__WORK REQUEST__:
Copy the records below exactly, starting at the line that contains "Teak Garden Furniture" and ending at the line that contains "Day Chaser Cocktails variety pack"; leave out any pictures.

__INFORMATION SHOWN__:
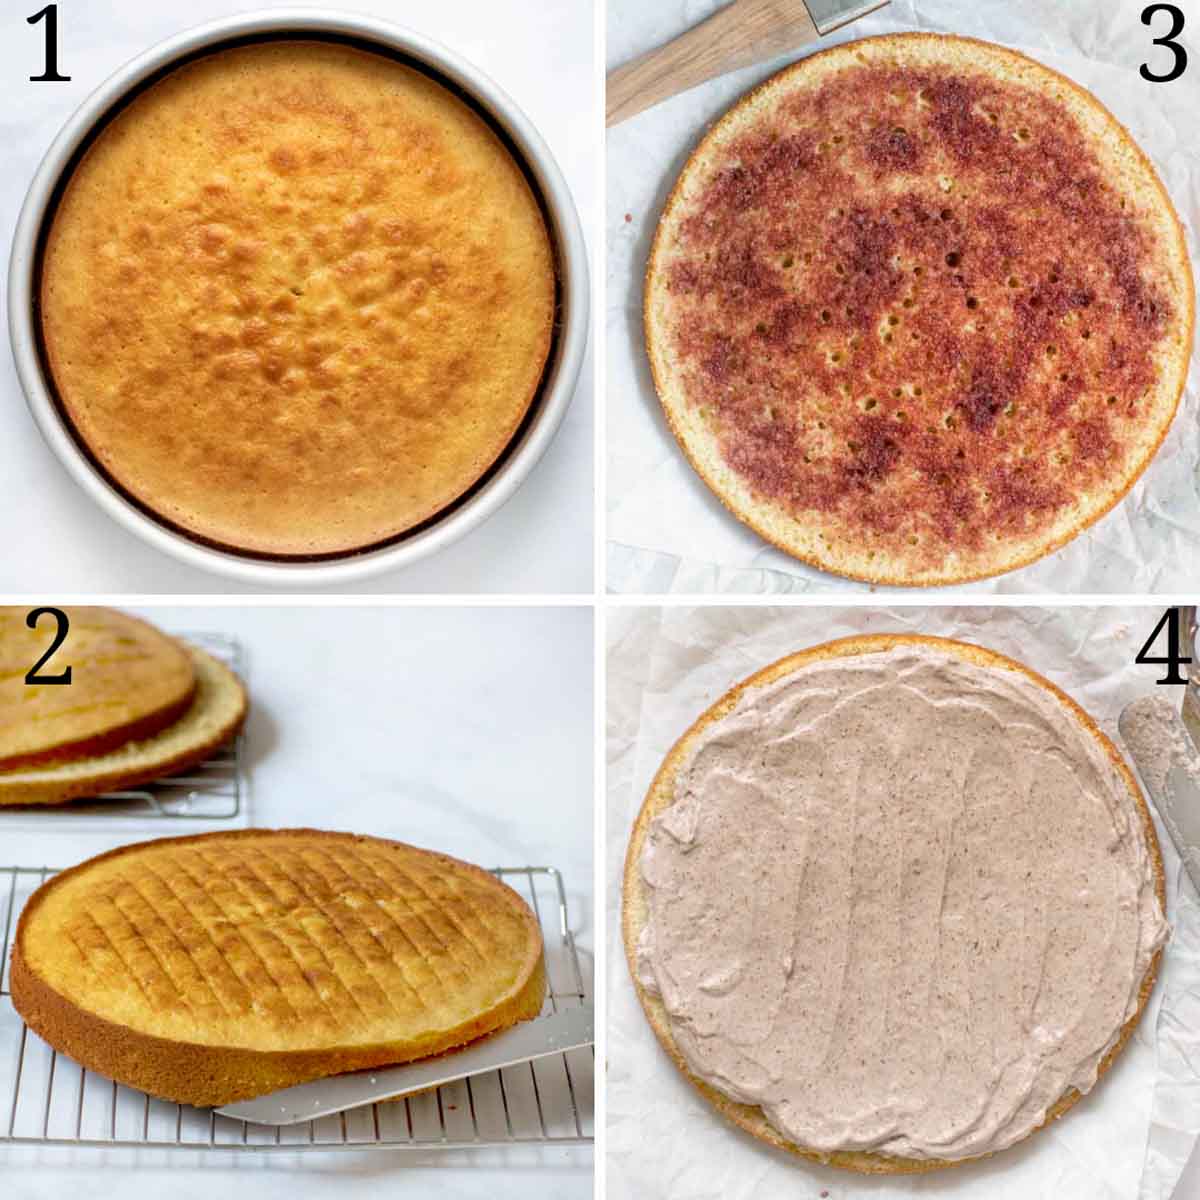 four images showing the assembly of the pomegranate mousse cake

* * *

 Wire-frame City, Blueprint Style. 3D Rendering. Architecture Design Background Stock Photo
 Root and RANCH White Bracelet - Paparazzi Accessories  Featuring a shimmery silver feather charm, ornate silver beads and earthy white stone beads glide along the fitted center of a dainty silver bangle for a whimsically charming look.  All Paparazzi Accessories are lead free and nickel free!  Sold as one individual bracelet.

---

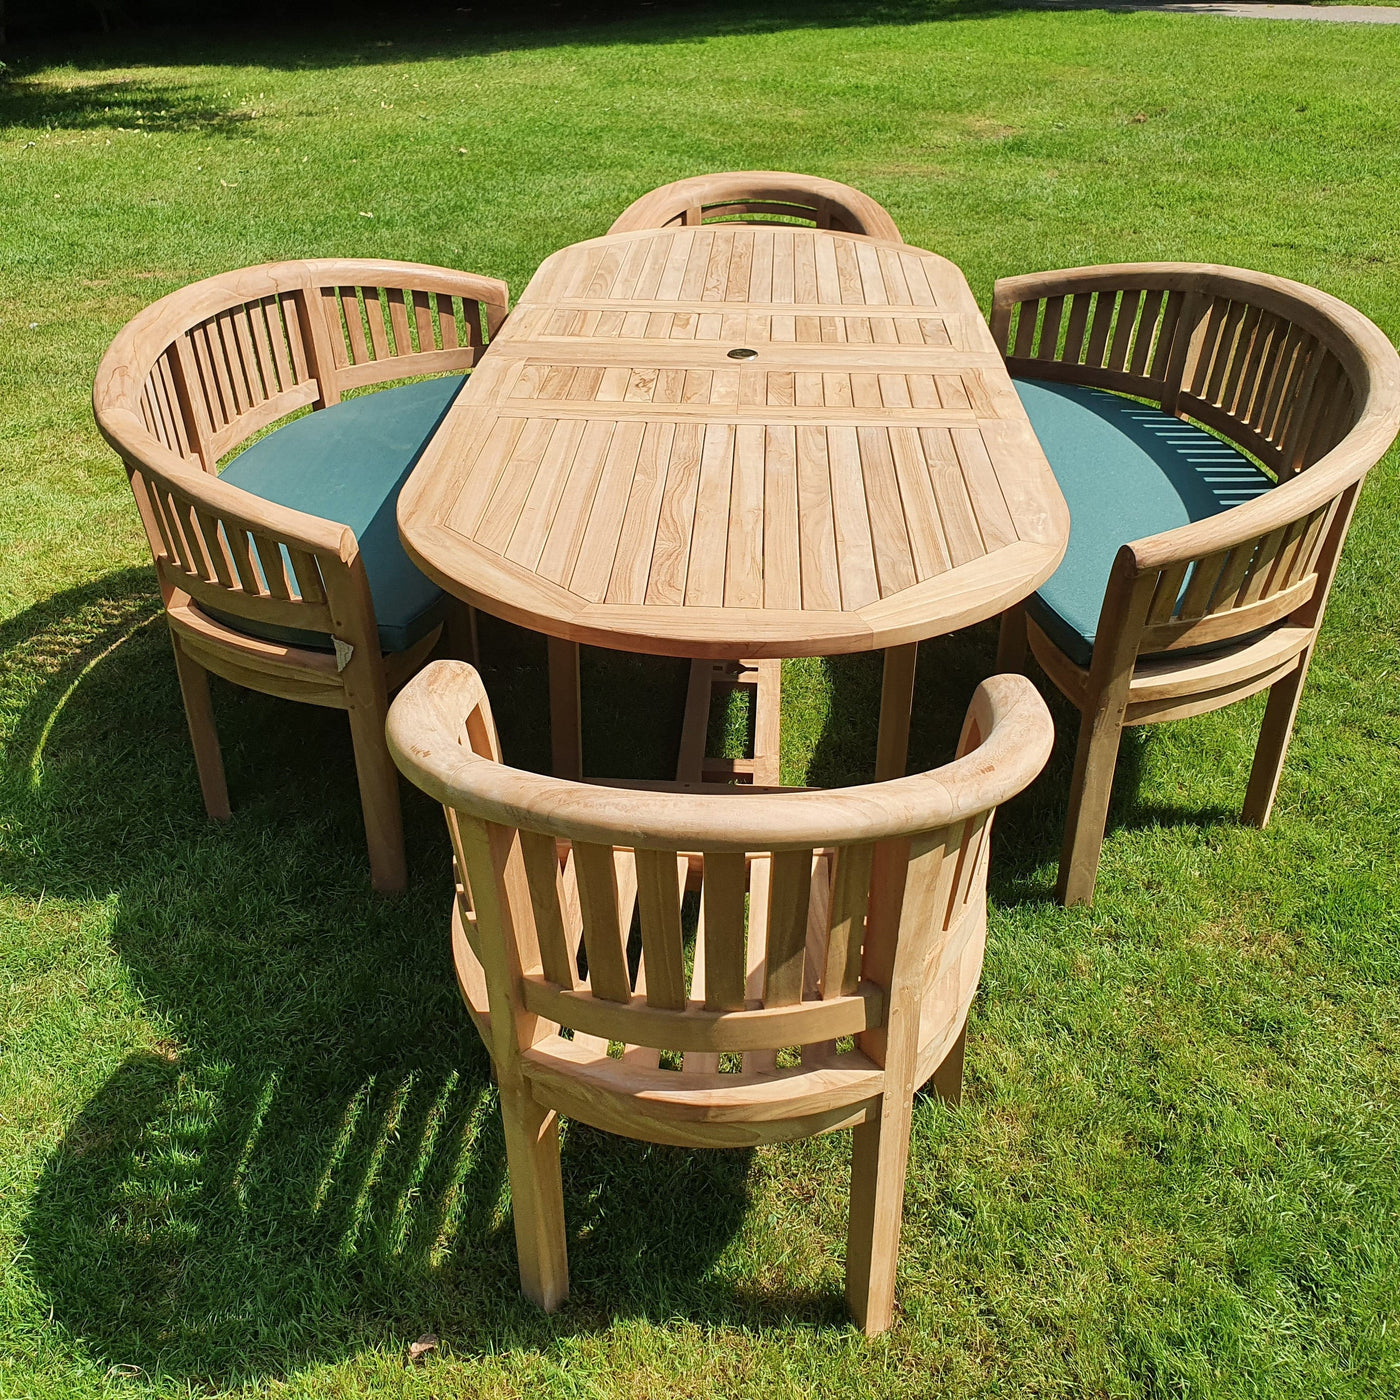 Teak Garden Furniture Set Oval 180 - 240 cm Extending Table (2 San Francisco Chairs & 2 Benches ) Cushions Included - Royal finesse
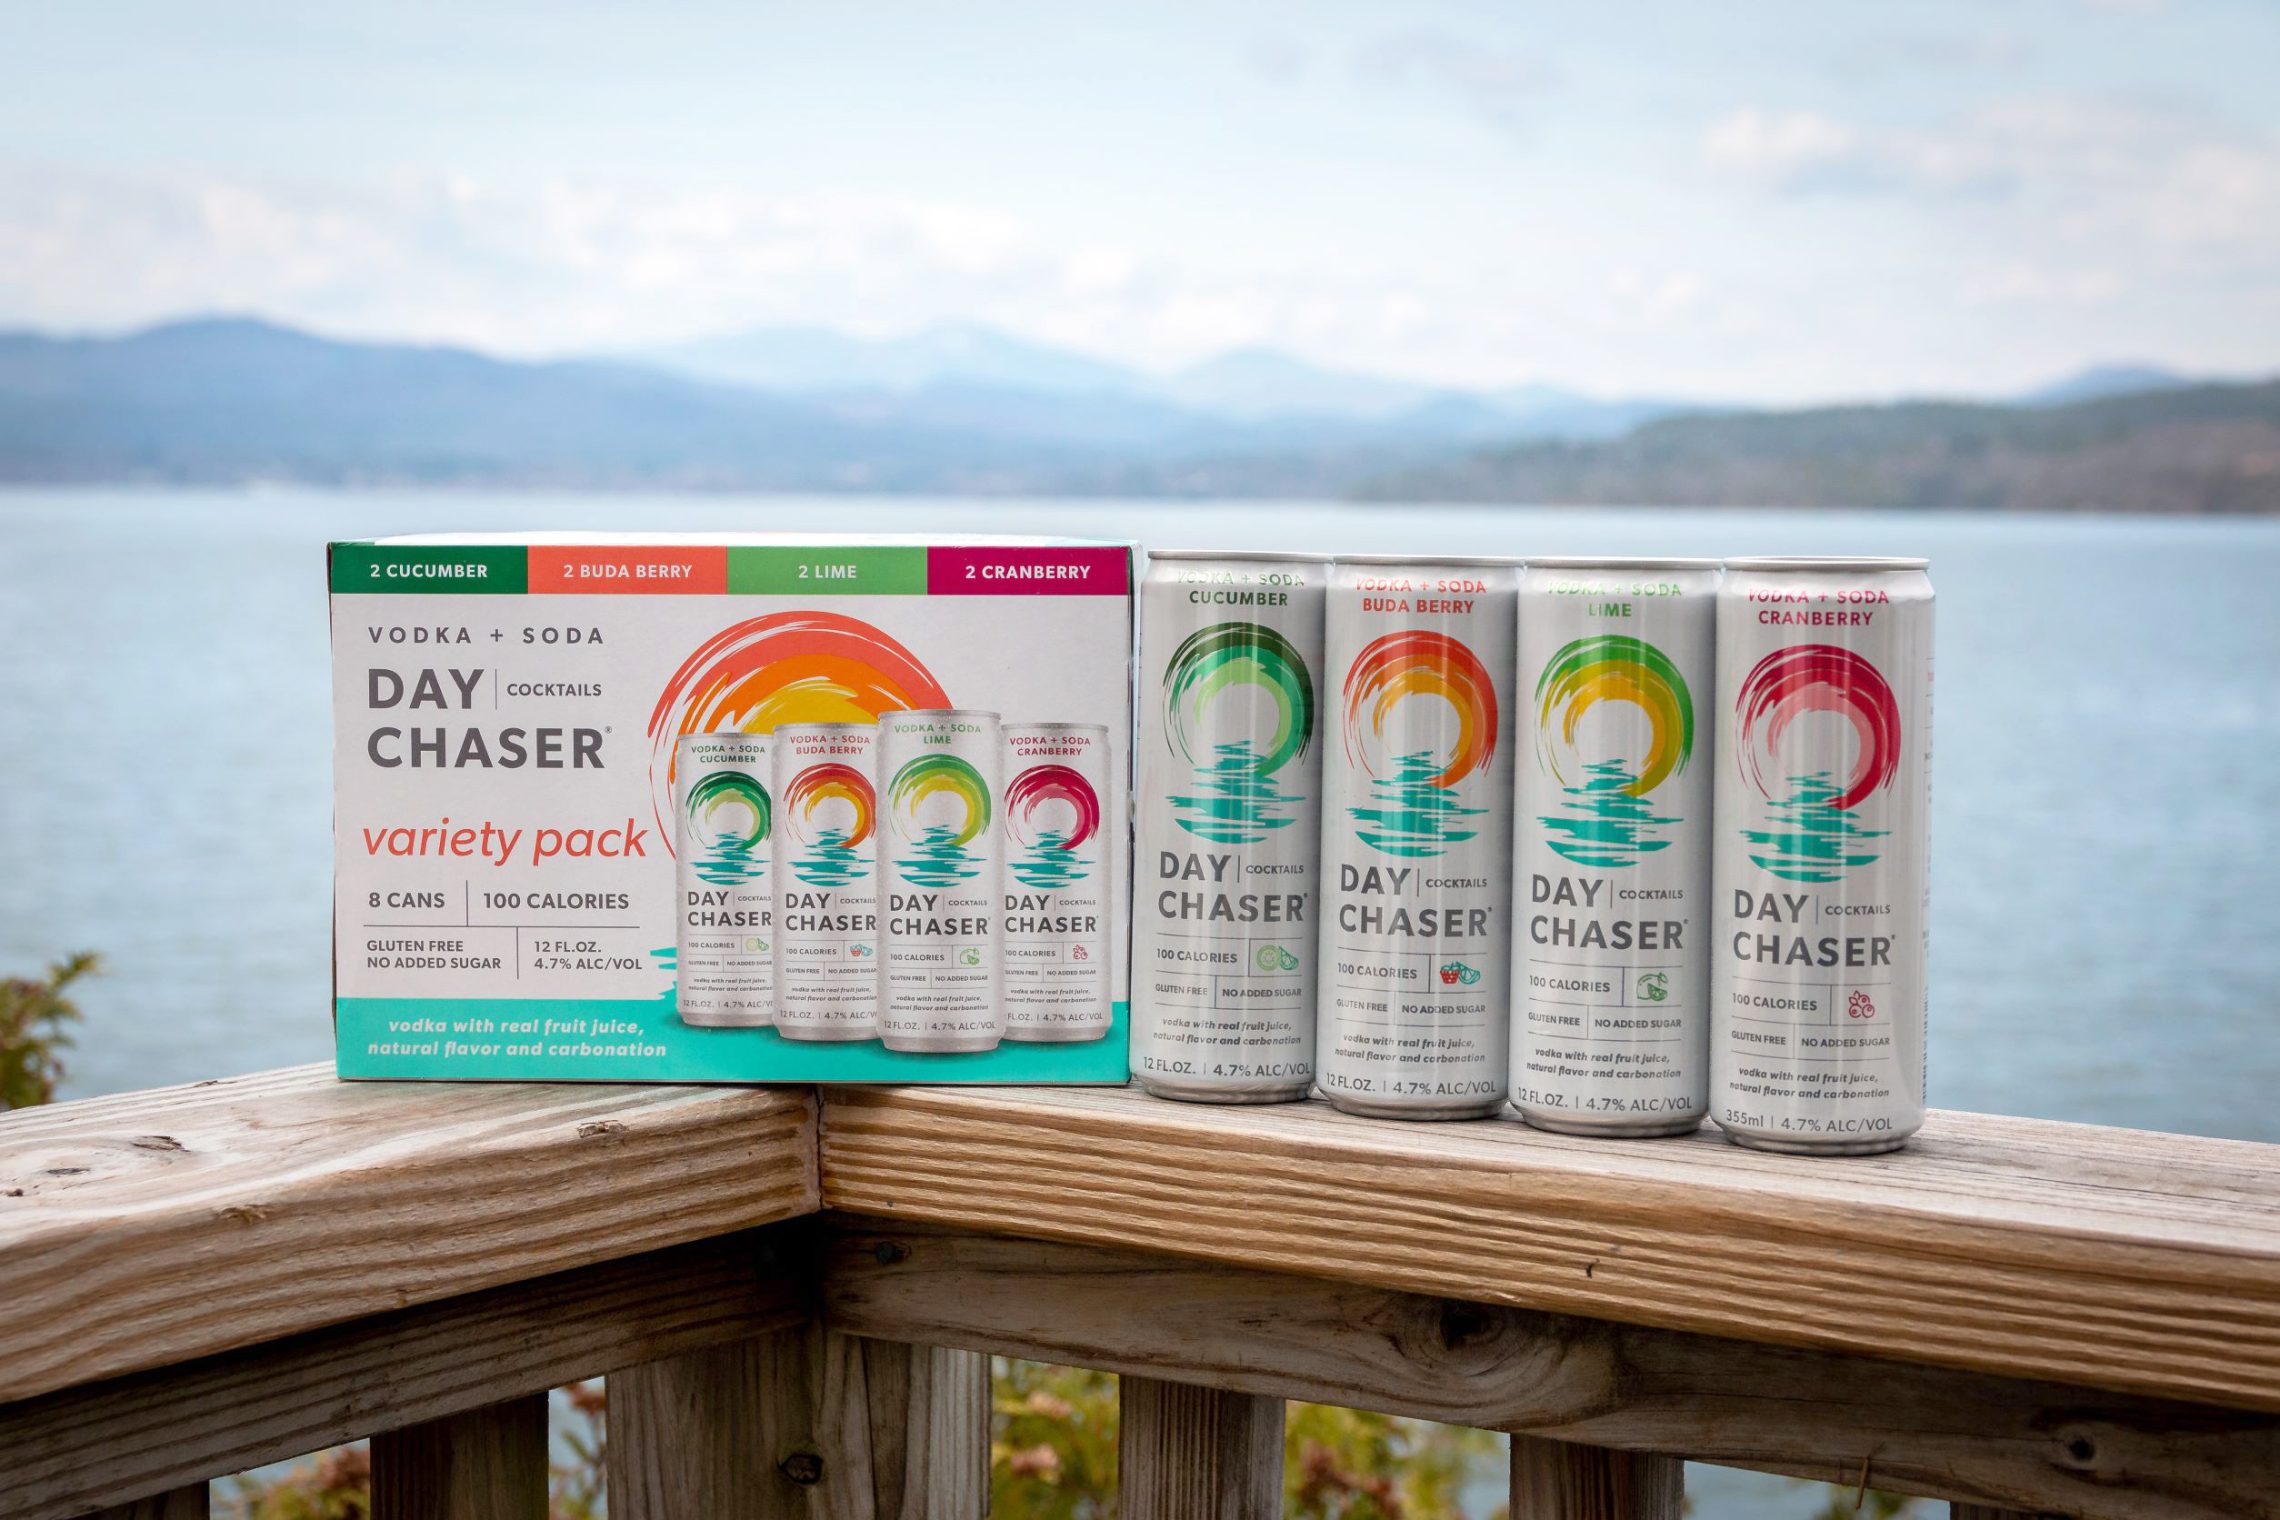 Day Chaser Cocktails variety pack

__WRITTEN ANSWER__:
 Teak Garden Furniture Set Oval 180 - 240 cm Extending Table (2 San Francisco Chairs & 2 Benches ) Cushions Included - Royal finesse
 Day Chaser Cocktails variety pack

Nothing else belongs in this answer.